Needed from the data below: every line from the one with "Very fine golden" up to and including the one with "HerStory Conversations] Meet", repeated exactly and with nothing else.

- [Record extracts]:
|---|
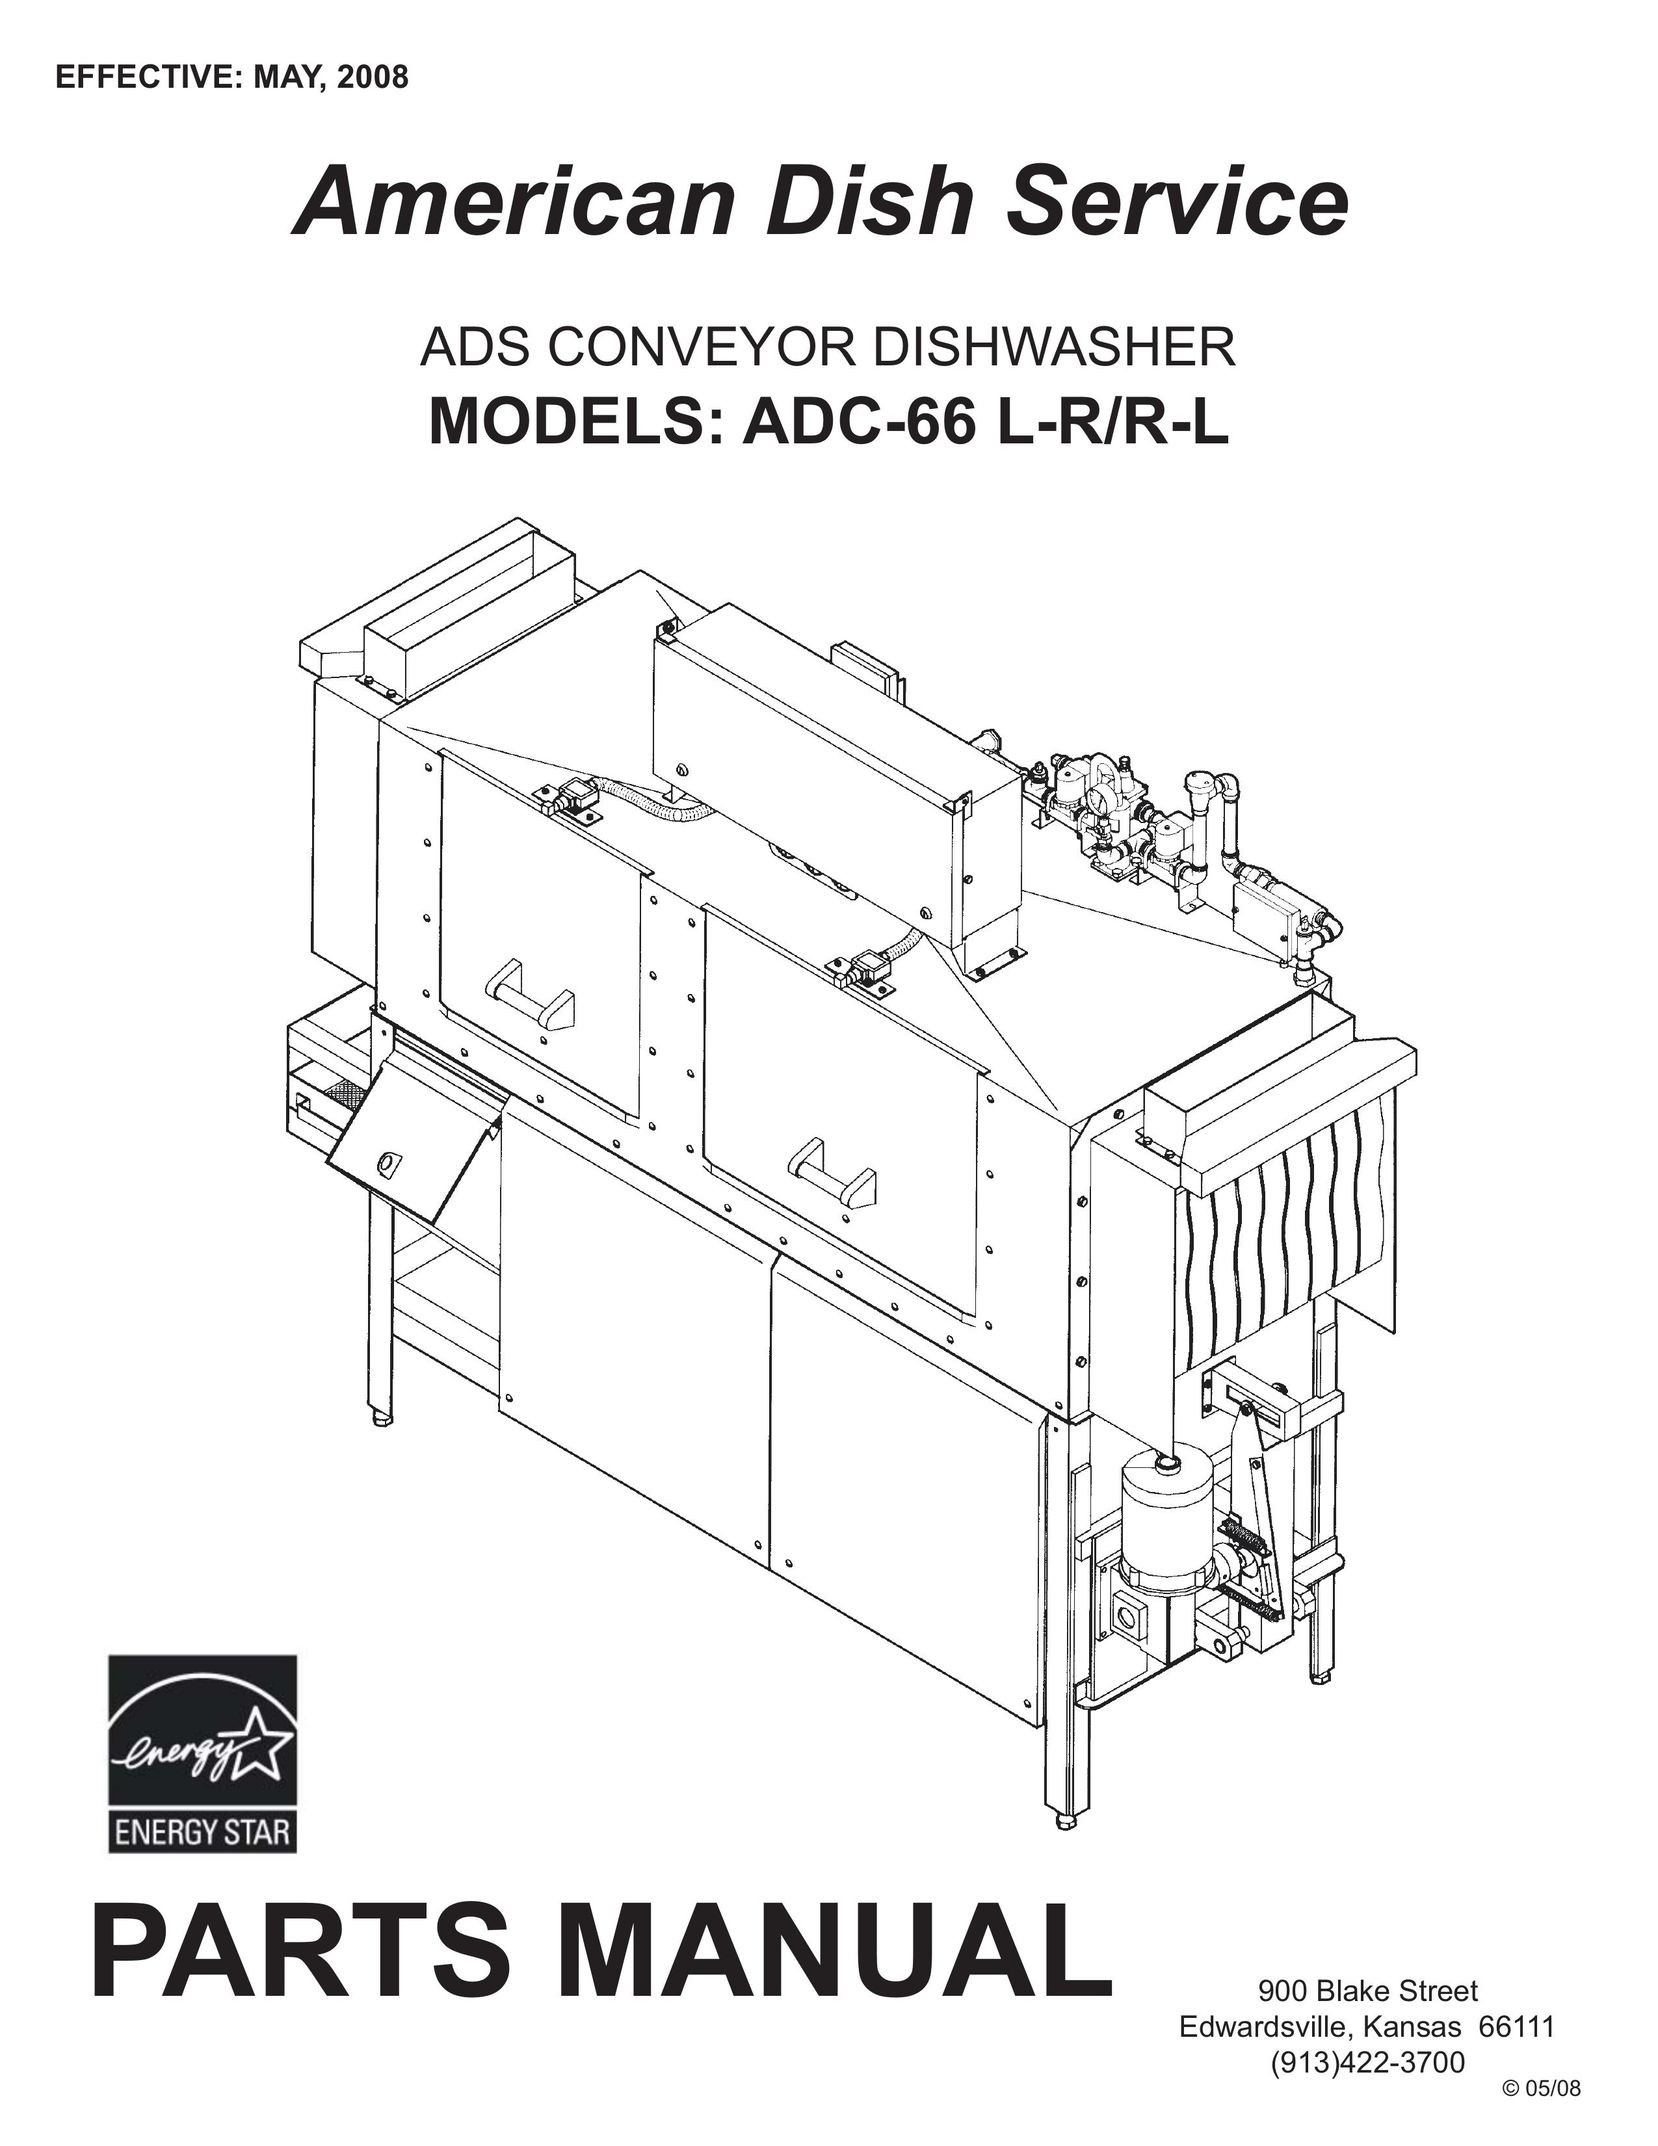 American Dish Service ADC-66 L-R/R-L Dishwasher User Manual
|---|
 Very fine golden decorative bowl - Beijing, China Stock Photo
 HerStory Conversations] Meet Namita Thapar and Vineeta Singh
|---|
- [Solution for this exercise]:
 Very fine golden decorative bowl - Beijing, China Stock Photo
 HerStory Conversations] Meet Namita Thapar and Vineeta Singh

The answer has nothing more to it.